The blood sprayed, the smoke lingered, and Jack stood over the body like a statue, rifle still warm.

I would have never known what happened… if I hadn’t seen it.

In the aftermath, we gathered ourselves slowly—gingerly checking wounds, confirming movement, counting heads.

The Silence spell finally dropped, and with it came the strange, almost cruel return of sound: the drip of water, the crunch of gravel beneath boots, Super’s quiet hum as he brushed grime and who-know-what else off his tunic. It was too loud and too normal, as if nothing had happened. As if we hadn’t just bled and almost died in total silence.

“Whew! Well, wasn’t that something,” Jack exhaled with great exaggeration, almost seeming desperate for levity. I’ve been there.

Sildar eyed him strangely, but said nothing of it. Just wordlessly began to separate the bugbear corpses from the unconscious ones.

I turned to Raph’æl, ready to ask what we should do with the bodies. I never got the words out.

He knelt—without ceremony or hesitation—and wrapped one arm around me, the other around Super. A quiet embrace. Protective. Grounding. Like a rope thrown into a storm.

It stunned me. Not because of what he did… but how natural it felt.

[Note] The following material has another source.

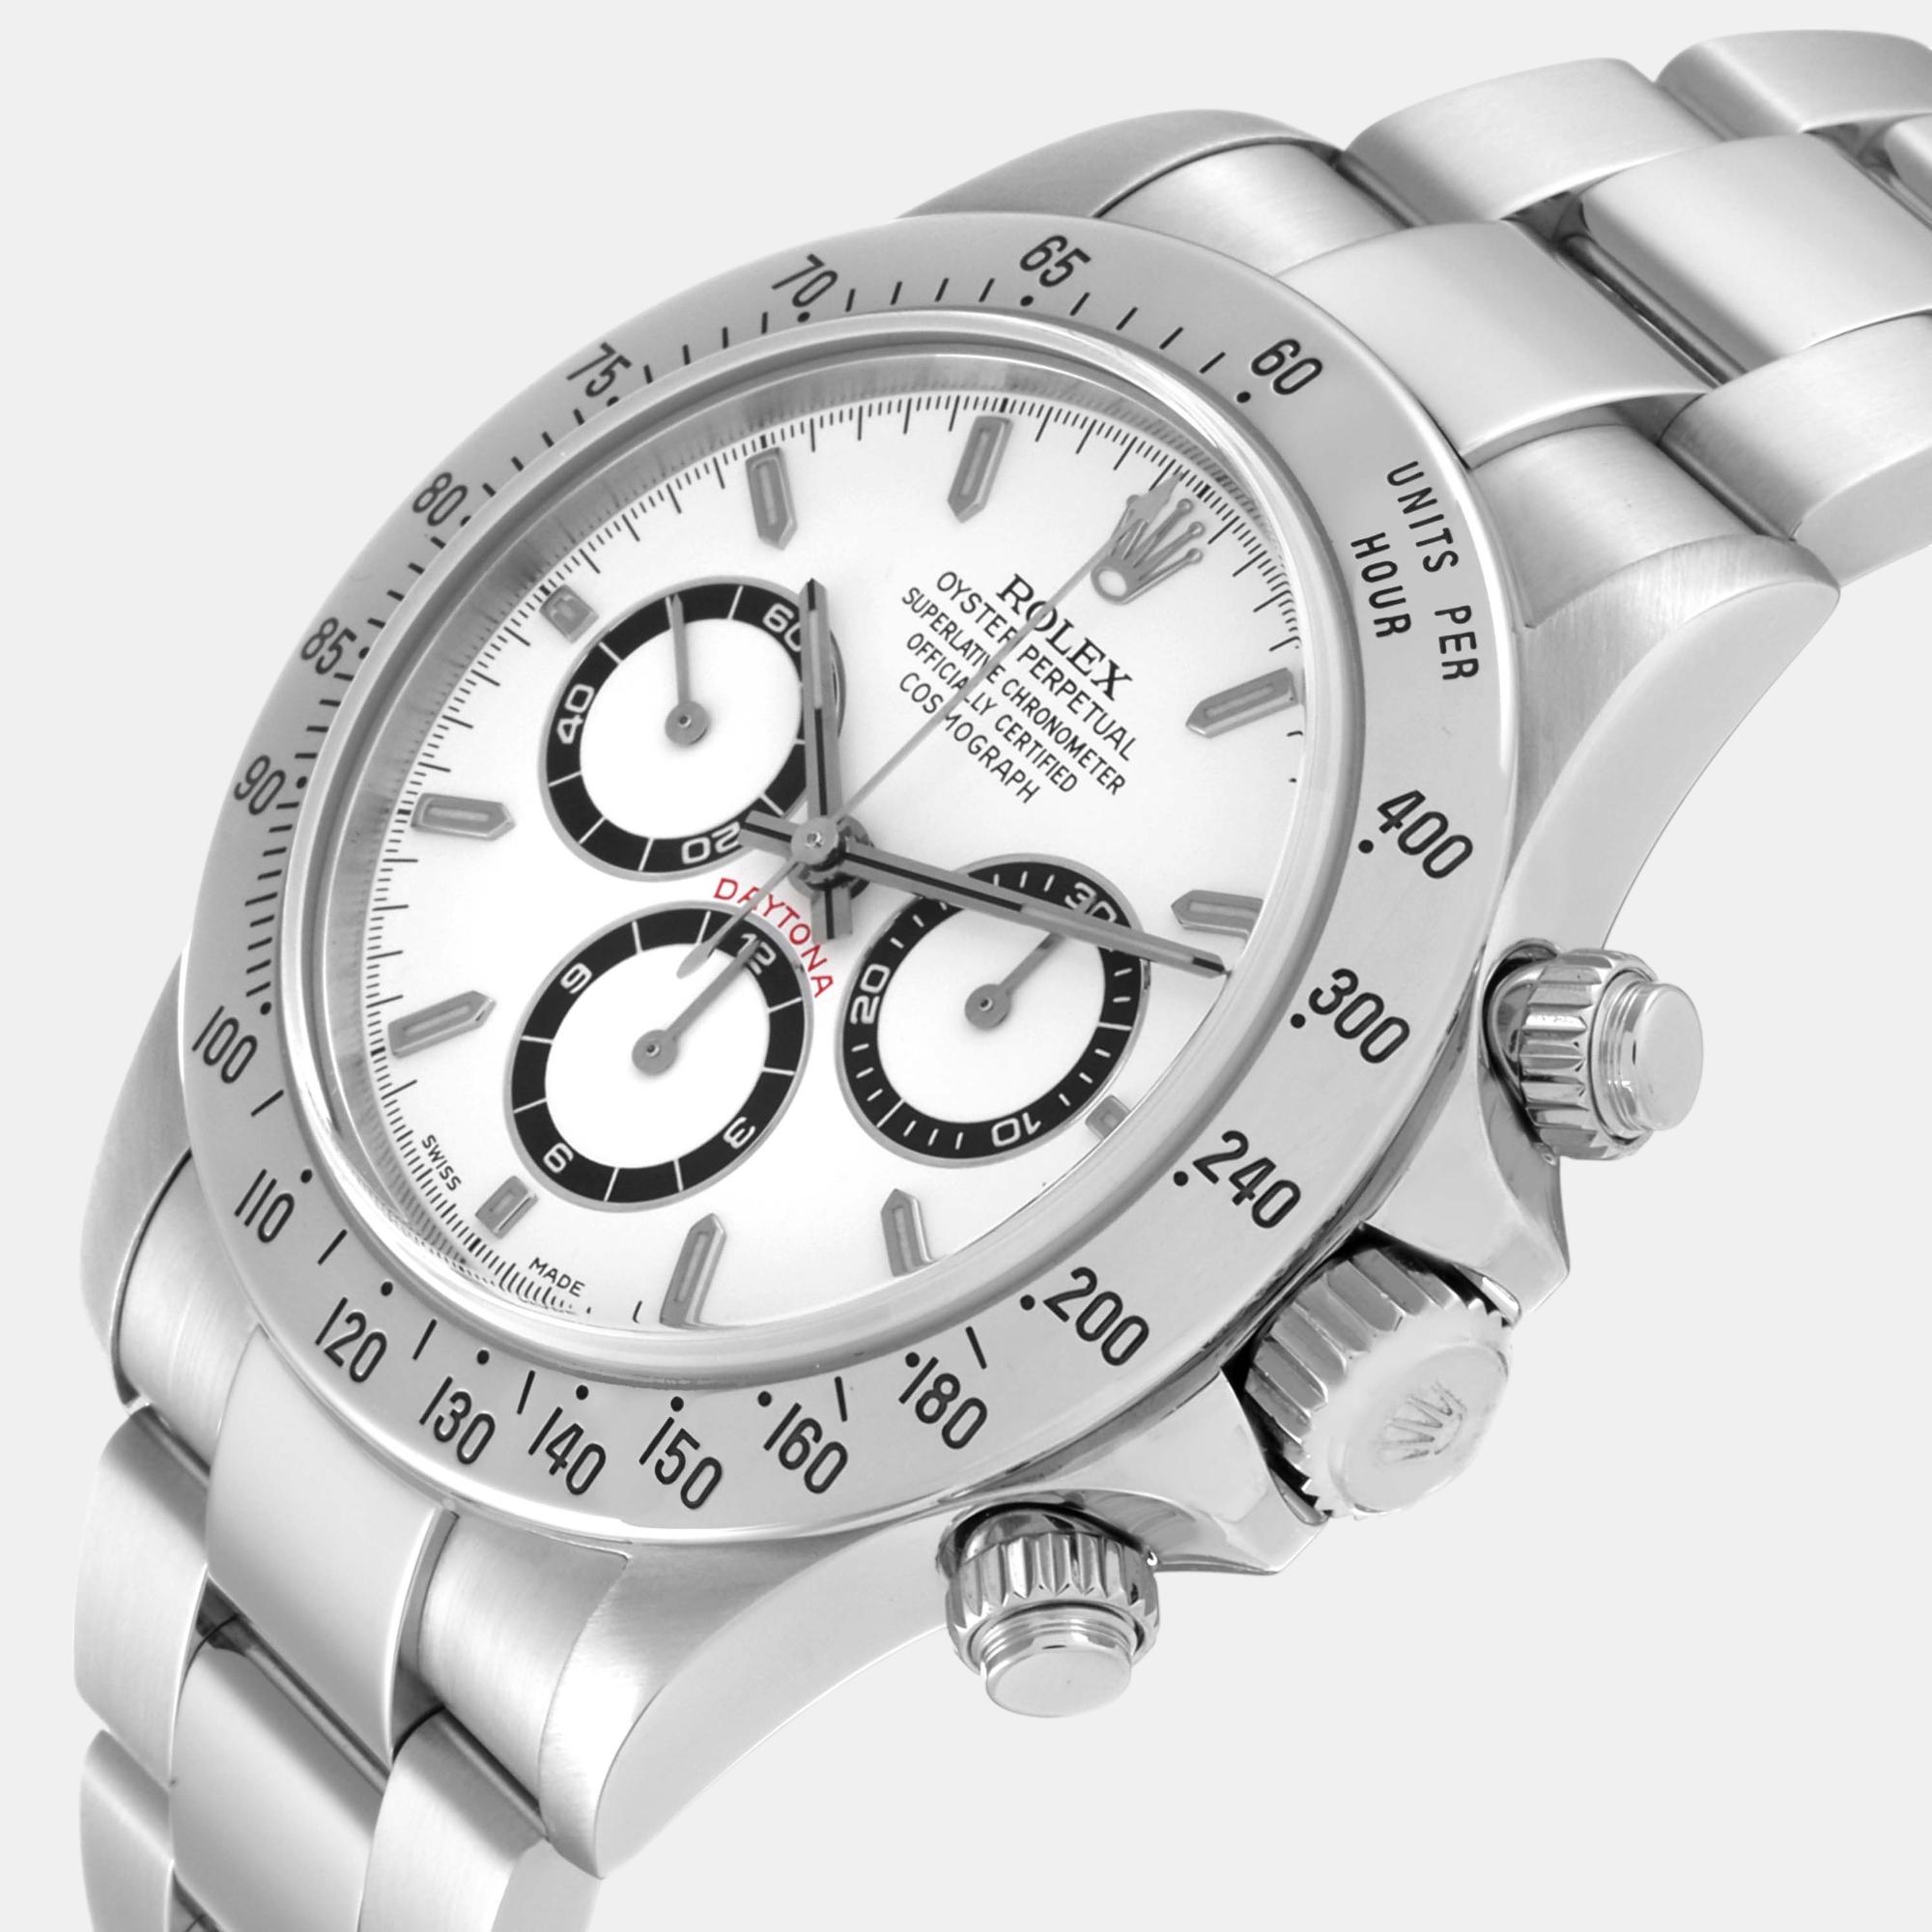 

Rolex Daytona Zenith Movement Steel Mens Watch 16520, White

My breath caught in my throat. For one blinding second, I could feel every inch of where his arm touched me, could feel the memory of the warmth still lingering from the goodberry tea.

I almost—gods help me, I almost melted into it.

He only pulled away when his hand brushed against Super’s skin and the sting of poison snapped him back. Super just shrugged and wandered off like nothing had happened.

And I…

I had to sit in it. In the echo of that closeness.

I wanted—needed—to reach out. To fold myself back into his arms like a ribbon pulled loose.

But I didn’t.

It’s not the time.

And I’m not a damn child.

Still… his hugs are intoxicatingly wonderful. The kind that feel undeserved. Dangerous.

I turned to cleaning. It gave me something to do with my trembling limbs.

With Prestidigitation, I swept blood and bits of brain matter from the walls, scrubbing away the last visible proof of what had happened. Ragar could be arriving with new allies any moment now. We didn’t need any sort of confusion or alert on their part.

That’s when I noticed it.

One of the bugbear corpses looked… different.

Unarmed.

But the body was shriveled, like something had clawed the life from inside it. Its skin clung tightly to its bones, black veins creeping like ink across its chest. The unmistakable mark of necrotic magic. I froze.

None of us cast necrotic spells.

Except him.

And Raph’æl—Raph’æl who hates killing with absolution—had done this to an unarmed foe?

I looked closer.

Then I realized: this was the one who had thrown the javelin.

The one who had nearly ended me.

He’d let go of his weapon to strike me down.

And Raph’æl had seen it.

He’d seen it—and he’d made a decision.

A decision that strayed away from the intended mission.

I turned to him.

He was leaning back against the cavern wall a few feet away, gently pouring himself tea with hands that weren’t as steady as they tried to appear. His face was calm, but I could see the scaffolding of that calm being rebuilt in real time. Piece by piece. Carefully placed.

He saved me.

Again.

But this time, I could see another revealing layer unfurl from his actions.

Not just what he did. But why.

The cost of it.

The line he crossed, without hesitation, for my sake.

There’s a kind of devotion that doesn’t announce itself. It doesn’t roar. It doesn’t beg to be witnessed.

It simply acts.

And I think—well… at this point, I know—I had only just begun to understand the full extent of what Raph’æl is willing to do for the people he alowed into his heart.

And what it would mean to be one of them.